After declaring a major in Russian history his junior year, Sanborn participated in a student exchange with Novosibirsk State University, one of the Soviet Union’s premier universities, located in the heart of its defense industry in Siberia. It was 1990, Mikhail Gorbachev was in power, and glasnost, which ushered in a new era for the Soviet Union by calling for transparency in government and allowing freedom of speech, was in full force.

“It was a really different place, and it was exciting because so much change was going on,” says Sanborn, who earned his Ph.D. in Russian history from the University of Chicago and as part of his studies lived in Moscow for a year in the 1990s. “You felt a sense of specialness.”

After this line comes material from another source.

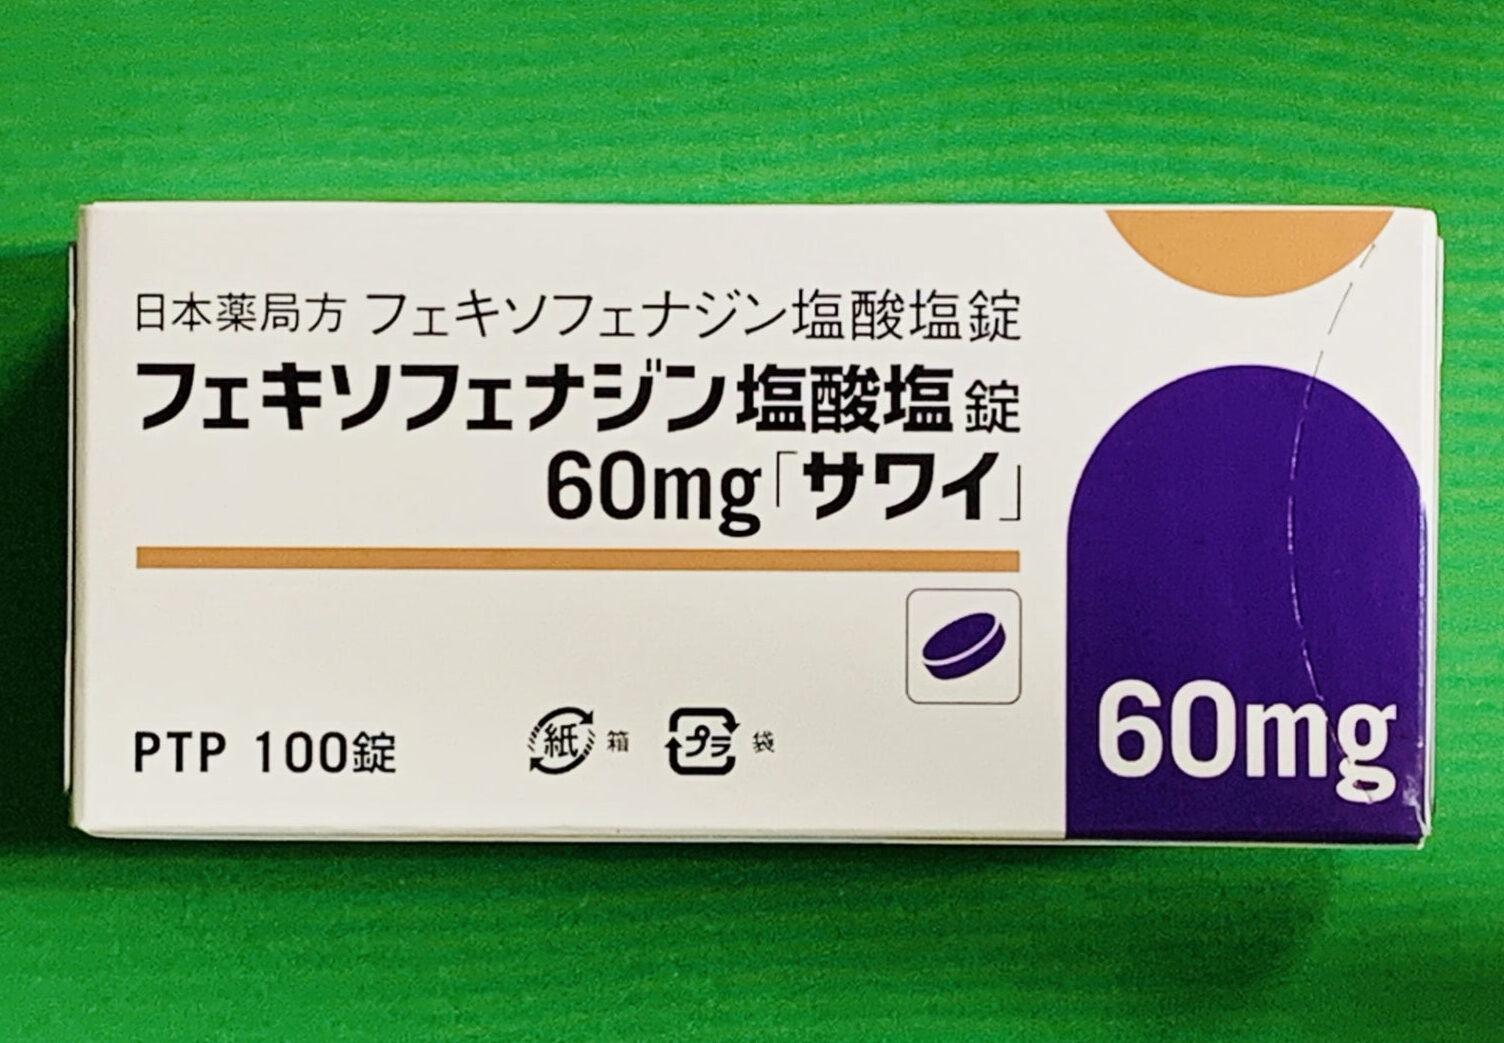 フェキソフェナジン塩酸塩錠60mg「サワイ」

Last year, Sanborn and Ida Sinkevic, associate professor of art, took 19 students on a one-week trip to Moscow and St. Petersburg as part of a course on the country’s culture, history, and art. When they returned, students presented research projects and topics ranging from the history of vodka to mail order brides to the architecture of Russian churches.

Often, our world view is shaped by family, friends, and the media, but exposure to different cultures makes us “more respectful and tolerant of different norms and values,” says Sanborn, who not only teaches but conducts archival research, writes articles and books, and critiques the work of other professional historians.

Research adds depth and nuance to his understanding of the human experience, he says.

“Just as one of the real benefits of a liberal arts education is that students learn to think more broadly and substantively about the world they live in, so too is it crucial for professors to be engaged in high-level scholarship so that they become more complex thinkers and effective communicators,” he says.  “I know that I am a better professor on a daily basis thanks to the intellectual work I perform as a scholar.”